Bennett Stephanie L, Goubran Rafik, Knoefel Frank
Annu Int Conf IEEE Eng Med Biol Soc. 2017 Jul;2017:3835-3839. doi: 10.1109/EMBC.2017.8037693.
Non-contact methods of extracting vital signals has become a popular area of research. This is likely due to the world's aging population and the increased need for long term and remote monitoring.
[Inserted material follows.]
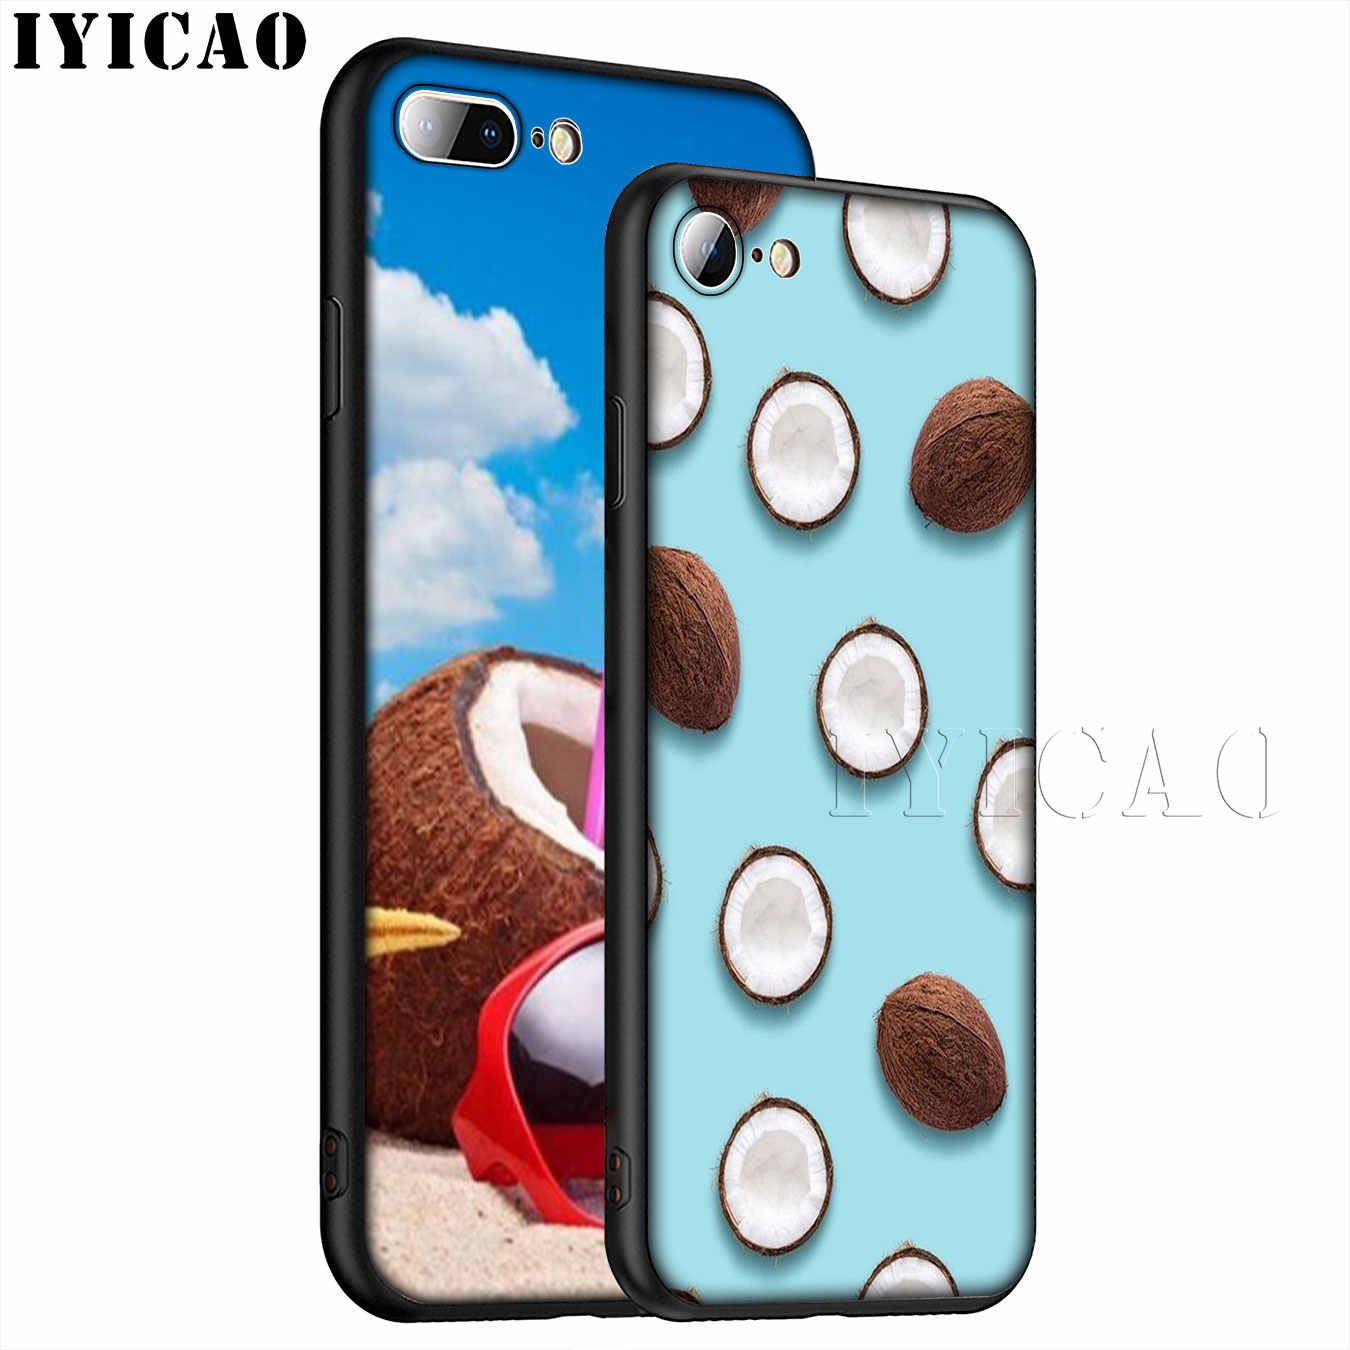 Frutas de coco no céu azul praia areia macio silicone caso do telefone para o iphone xr x xs 11 pro max 6 s 7 8 plus 5 5S se 10 capa

This paper examines and compares the potential for one modality to capture a vital sign, specifically respiration, in the presence of signal abnormalities. This paper compares temperature based-methods to motion-based methods of extracting respiration rate from thermal video of a subject performing computationally difficult respiration tests. The thermal video was subjected to segmentation-based image processing and region tracking to encompass temperature changes over time. All methods were successful in identifying regular breathing and the absence of breathing, but differed in performance identifying hyperventilation and obstructive sleep apnea simulated breathing. The temperature-based method better depicted airflow volume, while the motion-based method better depicted absence of breath and chest movement; neither signal on its own was able to accurately depict OSA breathing. These results suggest that the fusion of information from different physical phenomenon (i.e. motion and temperature) is important here in detecting abnormal breathing patterns, but also in the detection of all vital signals, adding algorithmic robustness in the presence of signal abnormalities.
提取生命体征的非接触式方法已成为一个热门研究领域。这可能是由于全球人口老龄化以及对长期和远程监测的需求增加。本文研究并比较了一种模态在存在信号异常的情况下捕捉生命体征(特别是呼吸)的潜力。本文将基于温度的方法与基于运动的方法进行比较,这些方法是从进行计算困难的呼吸测试的受试者的热视频中提取呼吸速率。对热视频进行基于分割的图像处理和区域跟踪,以涵盖随时间的温度变化。所有方法在识别正常呼吸和无呼吸方面均取得成功,但在识别过度换气和阻塞性睡眠呼吸暂停模拟呼吸方面的性能有所不同。基于温度的方法能更好地描绘气流体积,而基于运动的方法能更好地描绘无呼吸和胸部运动;单独的任何一种信号都无法准确描绘阻塞性睡眠呼吸暂停呼吸。这些结果表明,来自不同物理现象(即运动和温度)的信息融合在此处对于检测异常呼吸模式很重要,而且对于检测所有生命体征也很重要,在存在信号异常的情况下增加了算法的稳健性。